Figure 1. Windows Mixed Reality controllers (Image: www.cnet.com)
Figure 2. Acer's VR headset and motion controllers (Image: www.engadget.com)

The Windows Mixed Reality Motion Controllers (Figure 1) are Input Devices for the Windows 10 VR Headsets also known as Windows Mixed Reality Headsets[1]. In order to increase the sense of immersion in the VR experience, good controllers are essential. Both the Oculus Rift and the HTC Vive have a pair of motion controllers [2].

According to Microsoft, “Motion controllers are hardware accessories that allow users to take action in mixed reality. An advantage of motion controllers over gestures is that the controllers have a precise position in space, allowing for fine-grained interaction with digital objects. For Windows Mixed Reality immersive headsets, motion controllers are the primary way that users will take action in their world.” [1]

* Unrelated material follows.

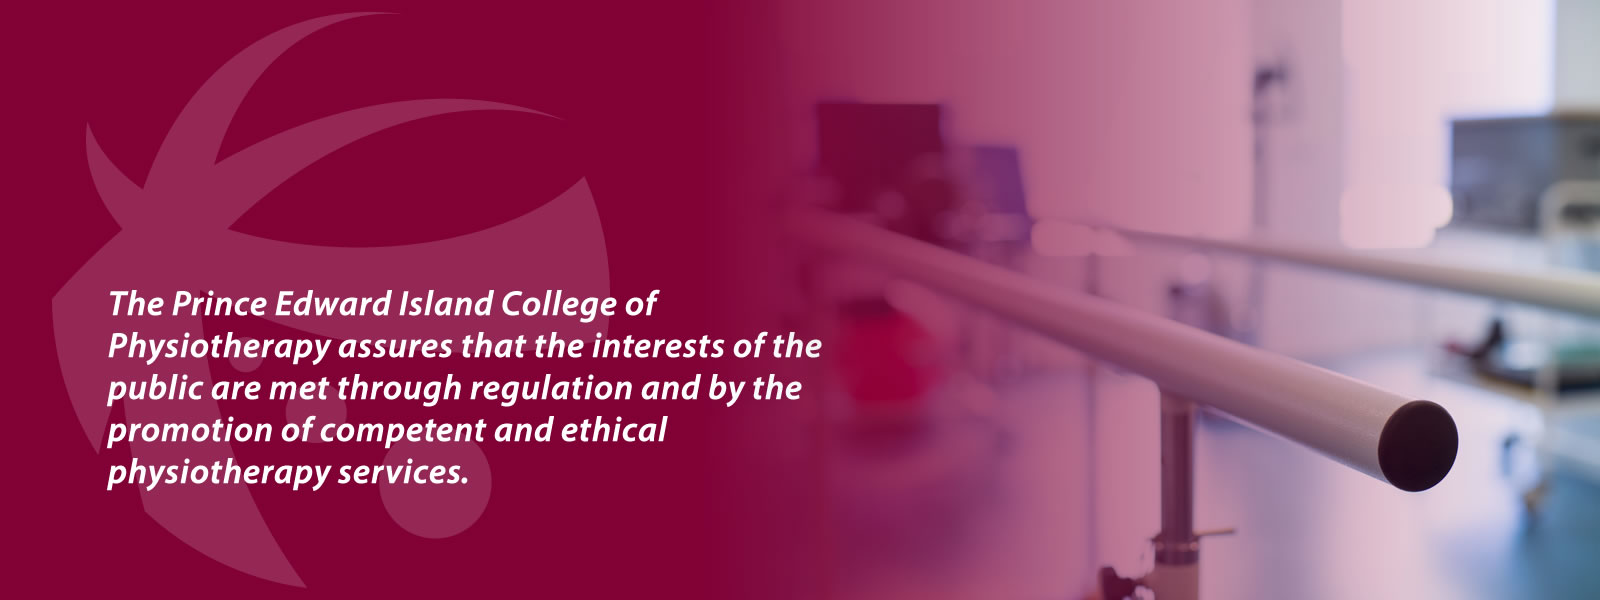 The Prince Edward Island College of Physiotherapy assures that the interests of the public are met through regulation and by the promotion of competent and ethical physiotherapy services.

These motion controllers are essential for Microsoft in order for people to take their new venture into mixed reality seriously - a blending of the physical world and the digital world. Before the announcement of the Windows mixed reality controllers, the only way to interact with the mixed reality platform was a Xbox controller. Indeed, many cited that the lack of a dedicated motion controller was a deficit in the new Windows 10 platform [3].

Announcement

The announcement of the first Windows mixed reality controllers was made at Microsoft’s Build conference, in May 2017. The controllers are said to work without external tracking sensors, featuring responsive tracking and six degrees of freedom, and will be compatible with a line of dedicated VR headsets from Microsoft’s partners like Acer, Asus, Dell, HP, and Lenovo [2] [4] [5].

The controllers are planned to release at the end of 2017 [4].

Mixed reality controllers and VR headsets

Microsoft said that the controllers will aim for easy-to-use setup, just like the VR headsets. They will be sold alongside several different Windows VR headsets. It has been confirmed that Acer’s VR headset and controllers will be available as a bundle (Figure 2), costing $399 [2].

At first glance, the controllers have a similar look to the Oculus Touch and Vive controllers. They have a thumb stick like the Oculus Touch, a touchpad like the Vive, and a wand-like design with a tracking ring on the end [2]. According to a CNET report, the controllers will not work with HoloLens [6].

Following the same strategy as with the VR headsets, Microsoft sets the Windows mixed reality specifications so that apps and games work similarly with all the headsets and controllers and the company’s partners are responsible for manufacturing and differentiating their products [3] [4].

There have been some complaints from some experienced VR users regarding the mixed reality controllers. A common issue was that “due to the optical tracking using cameras in the headset the technology would not be able to track your hands accurately if you look over your shoulder for example or sweep them behind your back.” While the controllers have an inertial measurement unit and use inverse kinetics to compensate for when they’re not in the camera’s view, this is not as accurate as the optimal tracking [3].

Features

The Windows mixed reality controllers will offer precise and responsive six degrees of freedom tacking of movement in the field of view using the sensors in the headset. There will be no need for external sensors on the walls for the controllers to work [1] [3] [6].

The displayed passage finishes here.